Observation data Epoch J2000 Equinox ICRS
- Constellation: Sculptor
- Right ascension: 23^{h} 59^{m} 36.07119^{s}
- Declination: −35° 01′ 52.9236″
- Apparent magnitude (V): 9.87
- Right ascension: 23^{h} 59^{m} 36.12827^{s}
- Declination: −35° 01′ 57.3448″
- Apparent magnitude (V): 9.87

Characteristics

WASP-8A
- Evolutionary stage: main sequence
- Spectral type: G8V

WASP-8B
- Evolutionary stage: main sequence
- Spectral type: M

Astrometry

A
- Radial velocity (R_{v}): −1.38±0.26 km/s
- Proper motion (μ): RA: +109.752 mas/yr Dec.: +7.615 mas/yr
- Parallax (π): 11.1052±0.0175 mas
- Distance: 293.7 ± 0.5 ly (90.0 ± 0.1 pc)

B
- Radial velocity (R_{v}): −1.38±0.26 km/s
- Proper motion (μ): RA: +110.322 mas/yr Dec.: +5.448 mas/yr
- Parallax (π): 11.1038±0.0197 mas
- Distance: 293.7 ± 0.5 ly (90.1 ± 0.2 pc)

Orbit
- Semi-major axis (a): 449+396 −162 au
- Eccentricity (e): 0.52+0.41 −0.36
- Inclination (i): 94+6.5 −1.2°
- Longitude of the node (Ω): 173+175 −9.1°
- Argument of periastron (ω) (secondary): 172+150 −109°

Details

WASP-8A
- Mass: 1.093±0.024 M_{☉}
- Radius: 0.976±0.020 R_{☉}
- Luminosity: 0.79 L_{☉}
- Surface gravity (log g): 4.498±0.018 cgs
- Temperature: 5600±80 K
- Metallicity [Fe/H]: 0.29±0.03 dex
- Rotational velocity (v sin i): 1.90±0.05 km/s
- Age: 0.3+0.9 −0.1 Gyr

WASP-8B
- Mass: 0.53±0.02 M_{☉}
- Temperature: 3758+47 −43 K
- Other designations: CD−35 16019, CPD−35 9465, SAO 214901, PPM 304426, WDS J23596-3502A, TOI-191, TIC 183532609, WASP-8, TYC 7522-505-1, 2MASS J23593607-3501530

Database references
- SIMBAD: A
- Exoplanet Archive: data

= WASP-8 =

Star in the constellation of Sculptor

WASP-8 is a binary star system 294 ly away.
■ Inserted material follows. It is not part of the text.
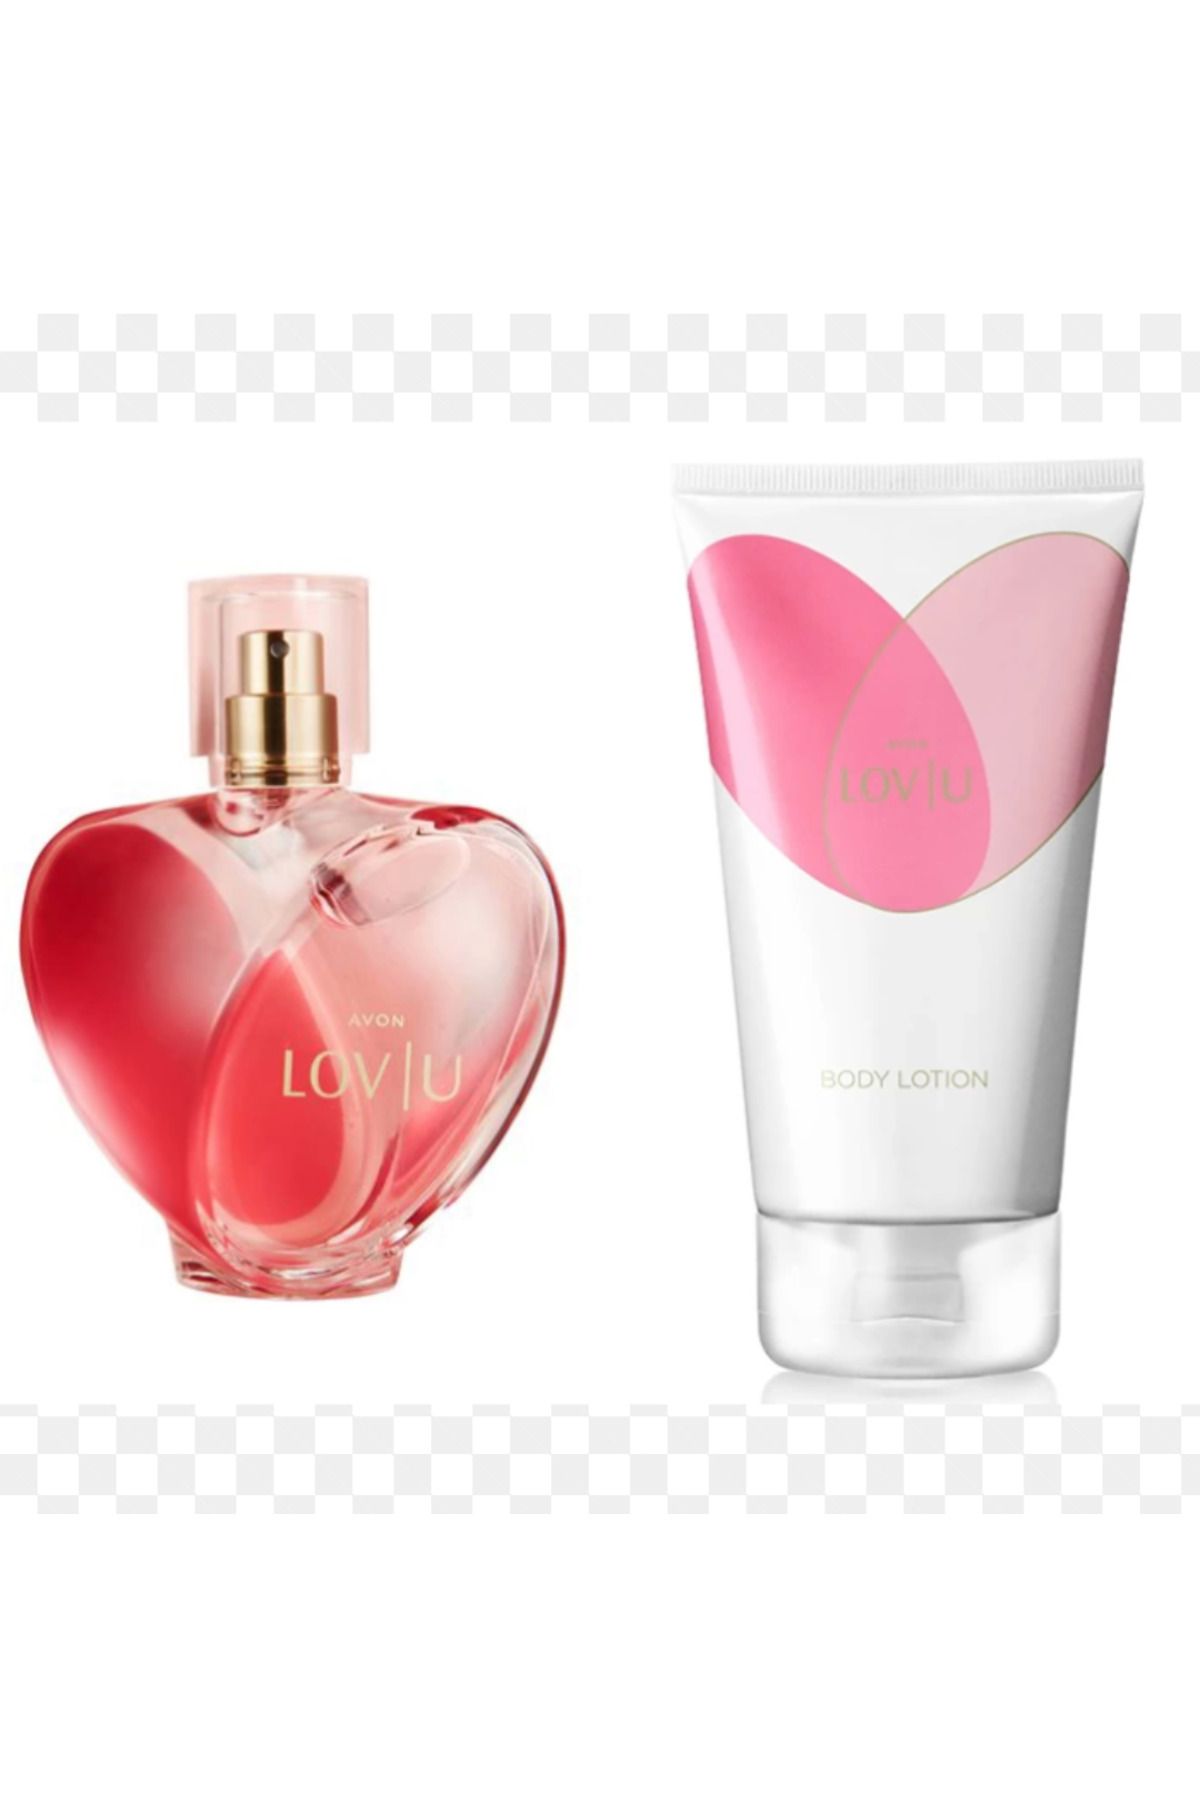 Avon Lovlu Kadın Parfüm 50 Ml +Vucut Losyonu 150 Ml

The star system is much younger than the Sun at 300 million to 1.2 billion years age, and is heavily enriched in heavy elements, having nearly twice the concentration of iron compared to the Sun.

The primary, WASP-8A, is a magnitude 9.9 main-sequence yellow dwarf star. It is reported to be a G-type star with a temperature of 5600 K and has a mass 1.093, a radius 0.976 and a luminosity of 0.79 times that of the Sun. There is a companion star WASP-8B located 4.5 arcseconds away with the same proper motion, indicating a stellar binary system. The binarity was confirmed in 2020. The axis orientation of the primary star is uncertain, but it is close to pointing one of the poles to the Earth.

==Planetary system==
The primary star is orbited by two known exoplanets, designated WASP-8b and WASP-8c. WASP-8b was discovered in 2010 by the astronomical transit method and was catalogued as part of the SuperWASP mission. WASP-8c was discovered in late 2013 with the radial velocity method. Its properties were revised in a 2026 study incorporating astrometry; it is farther from the star and more massive than previously estimated, large enough to be a brown dwarf. The orbits of WASP-8b & c, and the companion star WASP-8B, are nearly coplanar, but misaligned with the primary star's rotation.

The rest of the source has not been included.